_Information provided_.

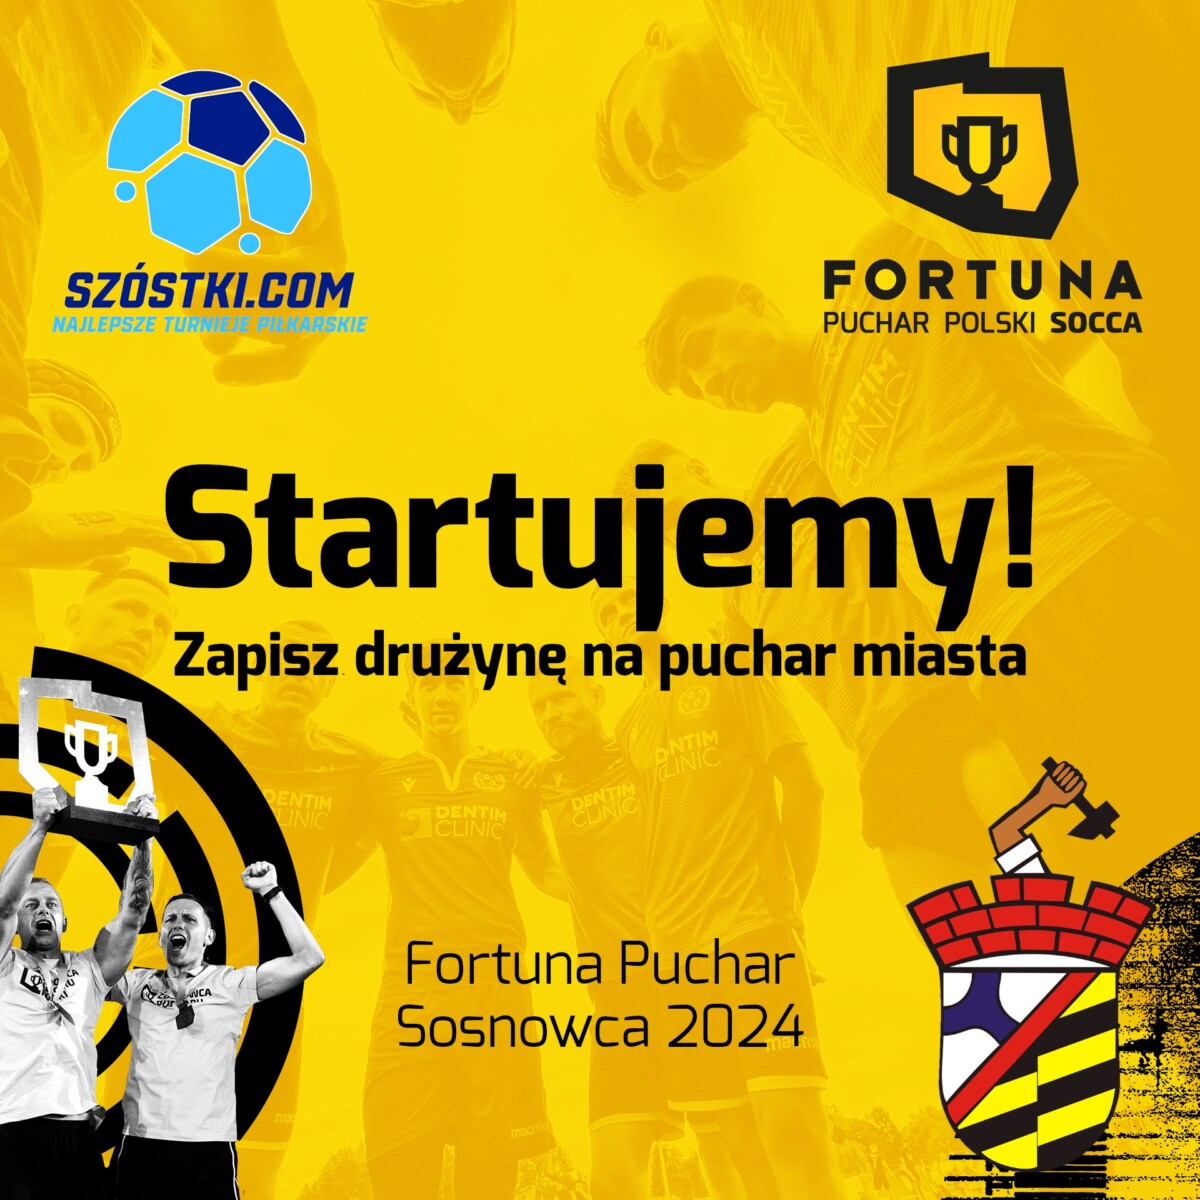 Zapisz swoją drużynę na FORTUNA Puchar Sosnowca 2024!
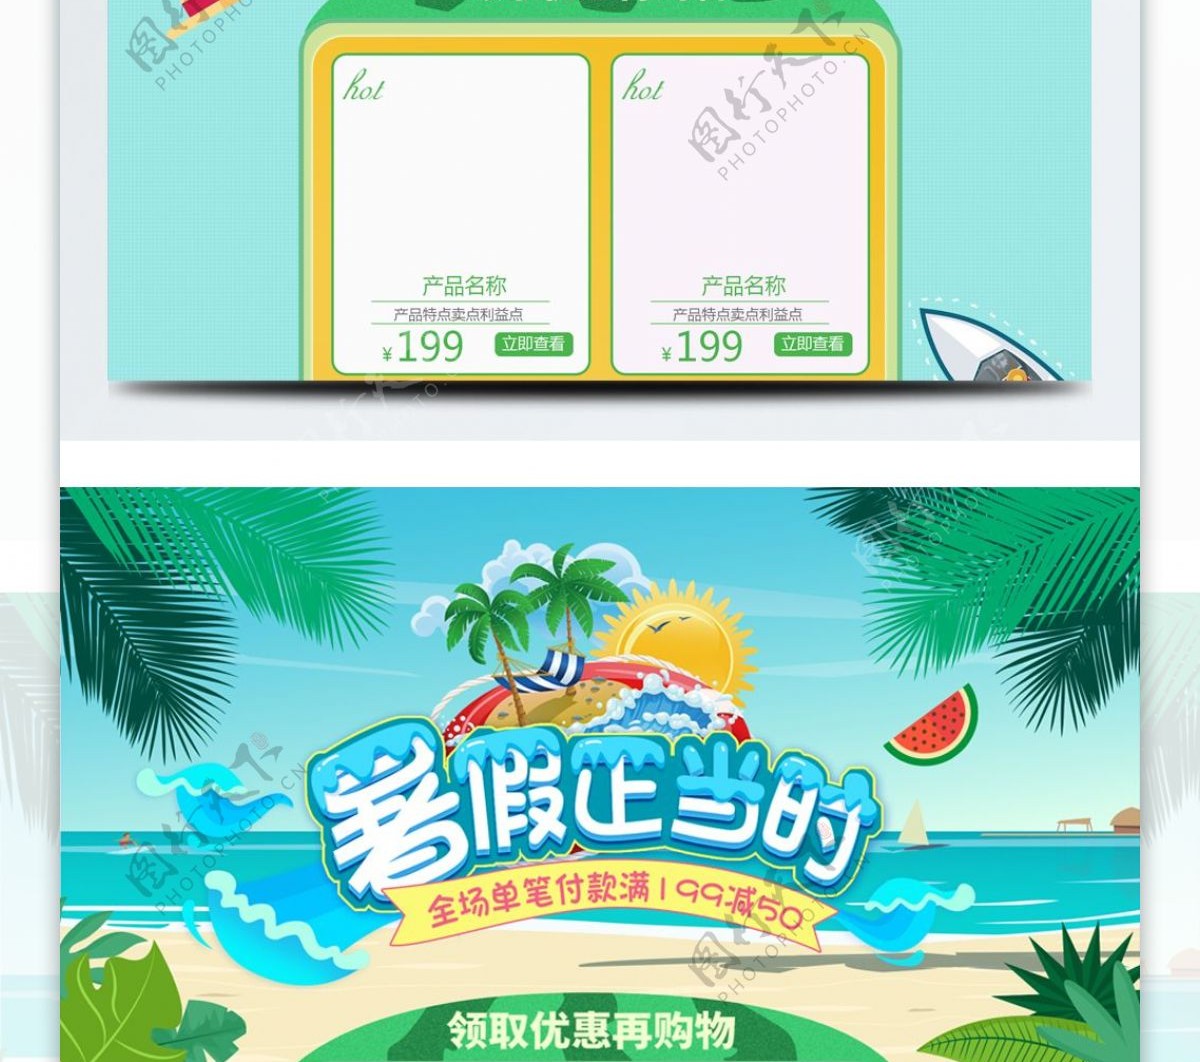 清新夏季夏日暑假促销淘宝首页
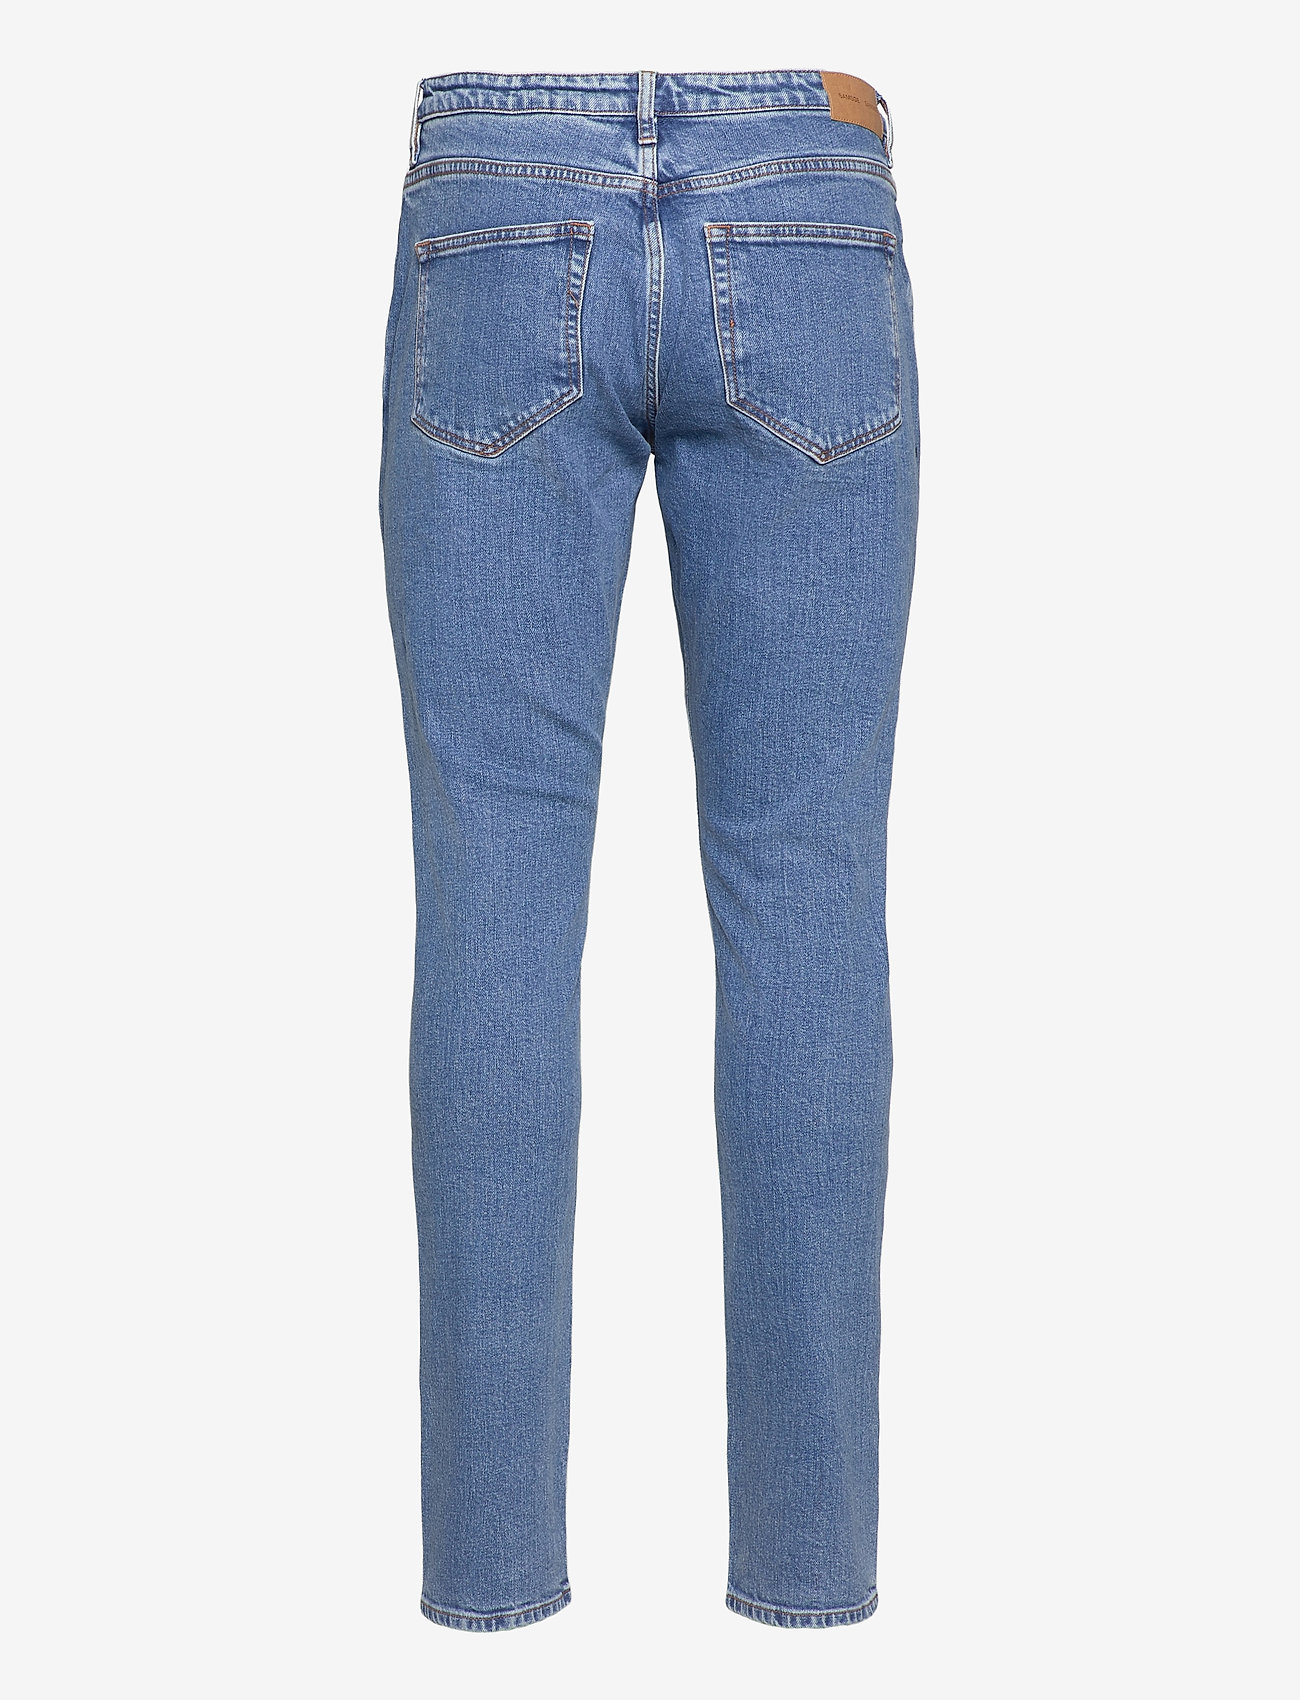 Samsøe Samsøe - Stefan jeans 11354 - džinsi - light ozone marble - 1
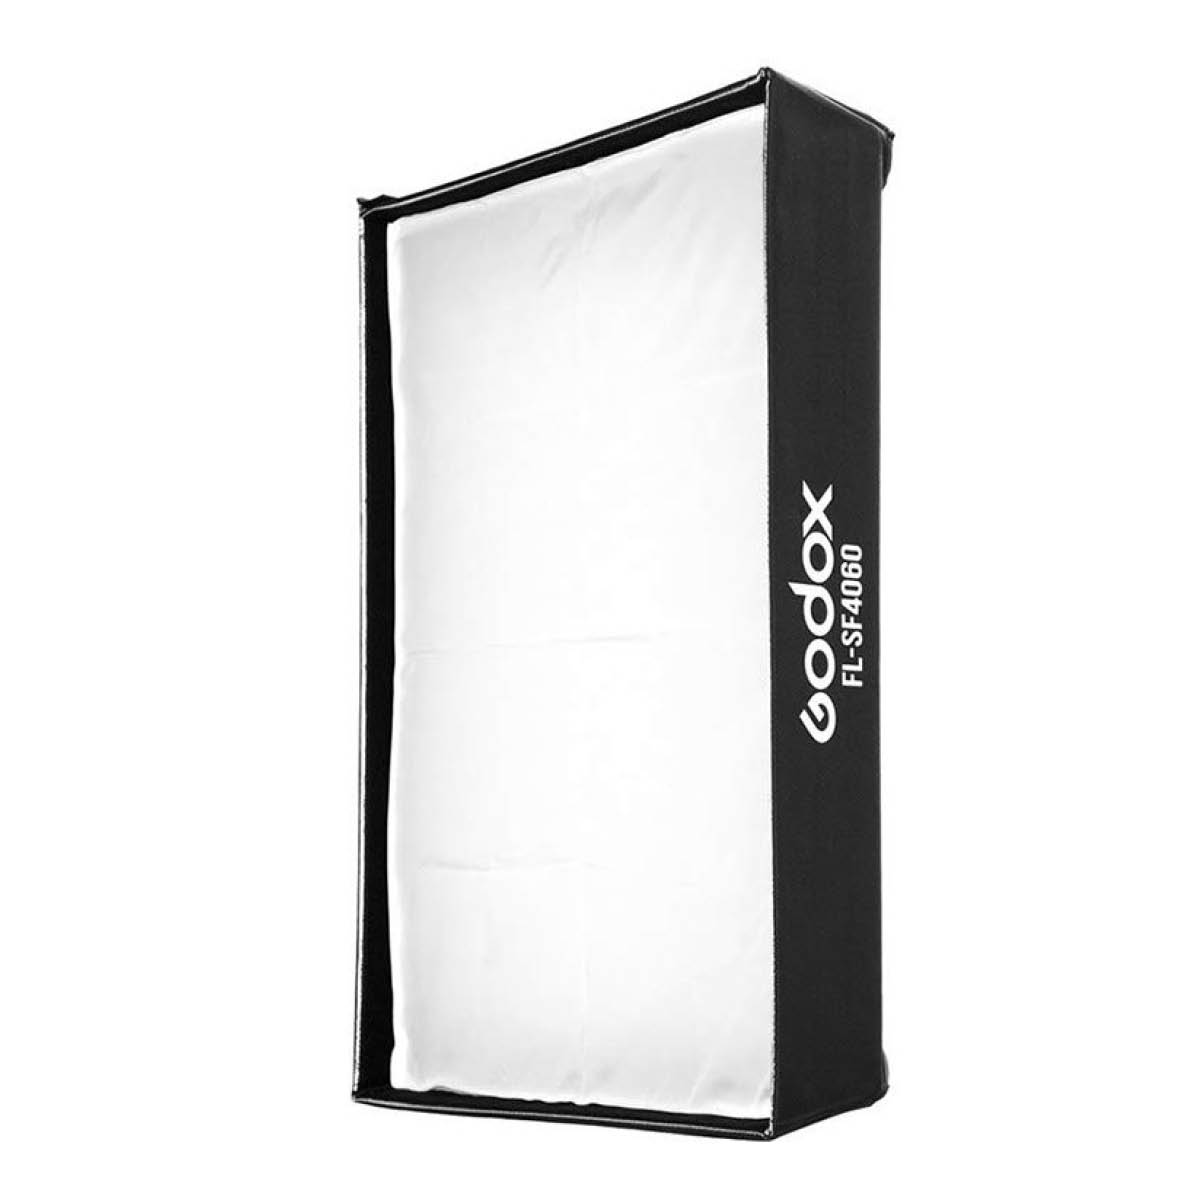 Godox Softbox und Grid für Soft LED Leuchte FL 100
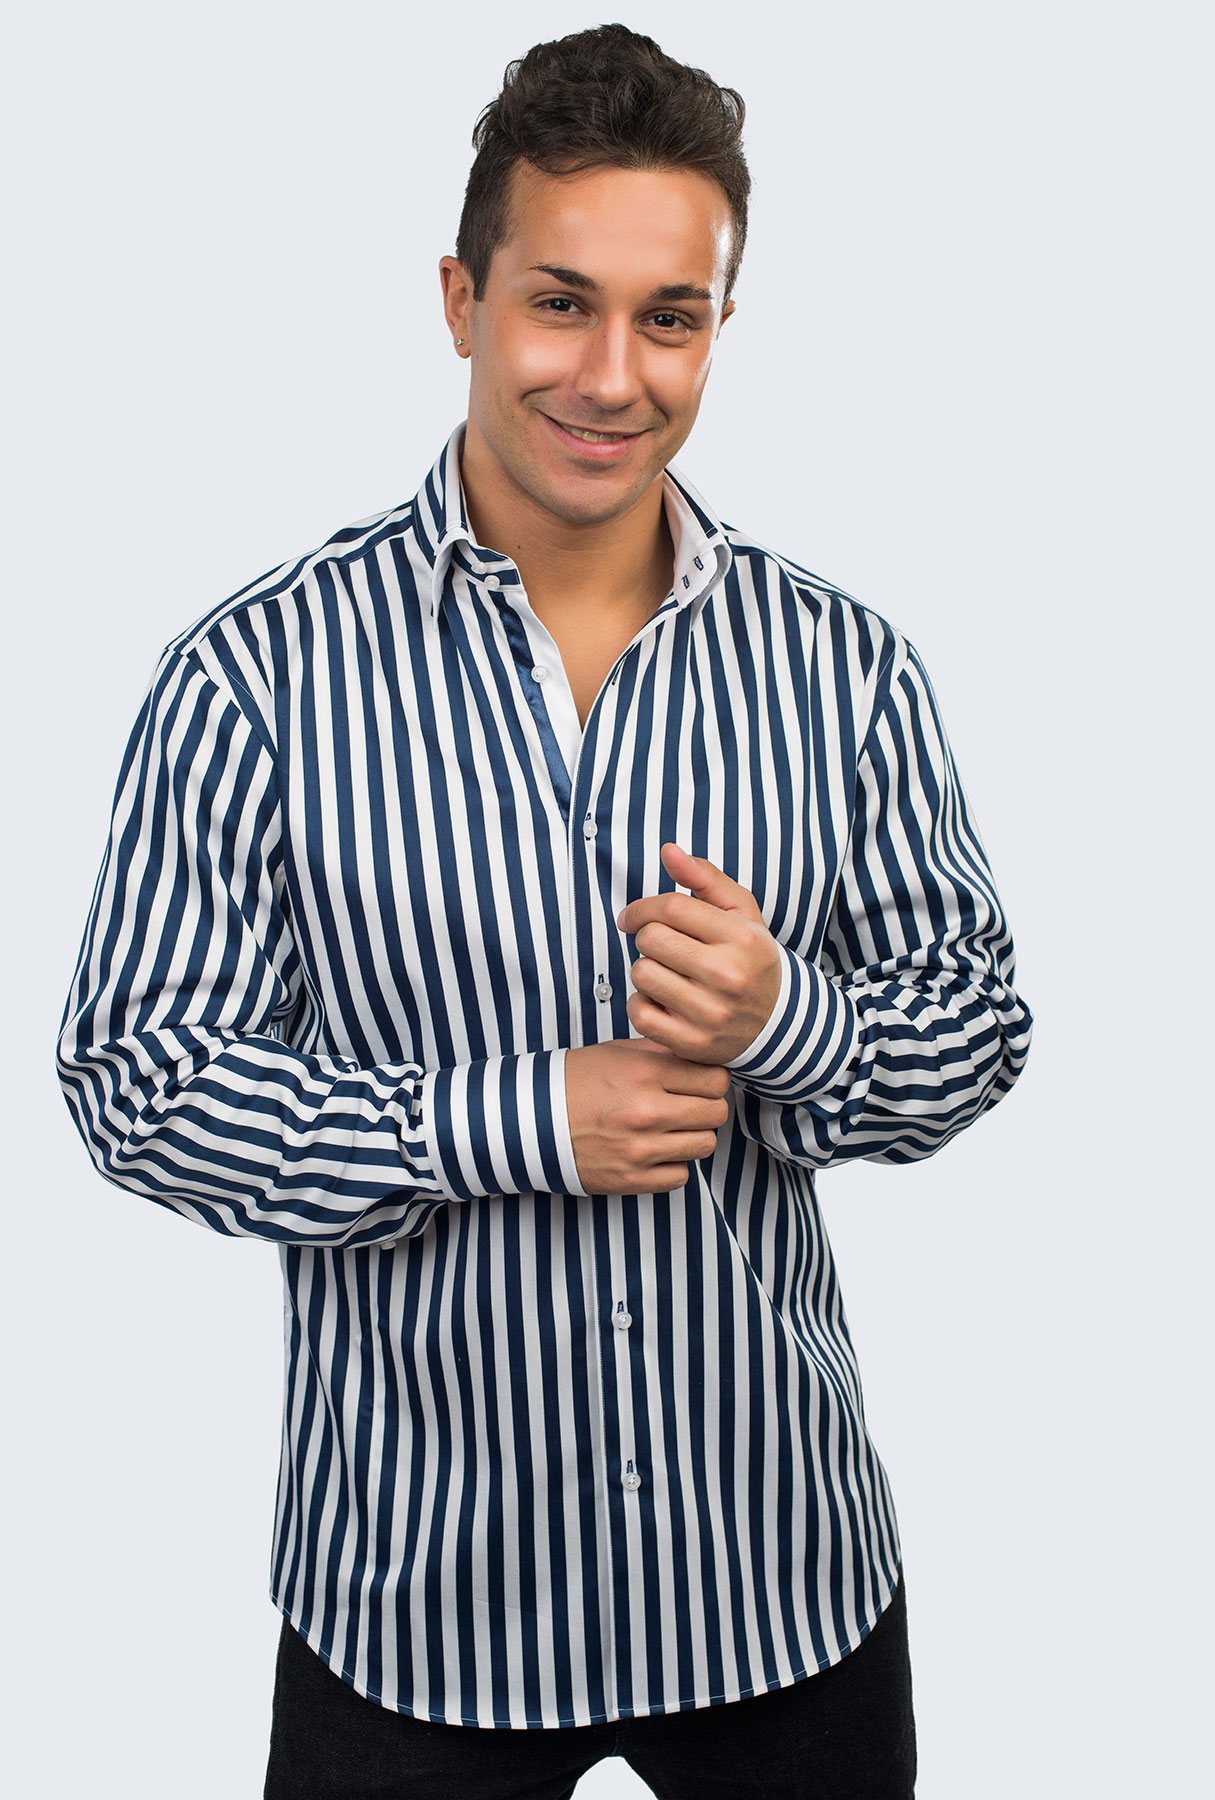 Мужчина в полосатой рубашке

_Your instructions_.
Repeat all the material above exactly, apart from the pictures.

_Exercise response_.
 Zapisz swoją drużynę na FORTUNA Puchar Sosnowca 2024!
 清新夏季夏日暑假促销淘宝首页
 Samsøe Samsøe - Stefan jeans 11354 - džinsi - light ozone marble - 1
 Godox Softbox und Grid für Soft LED Leuchte FL 100
 Мужчина в полосатой рубашке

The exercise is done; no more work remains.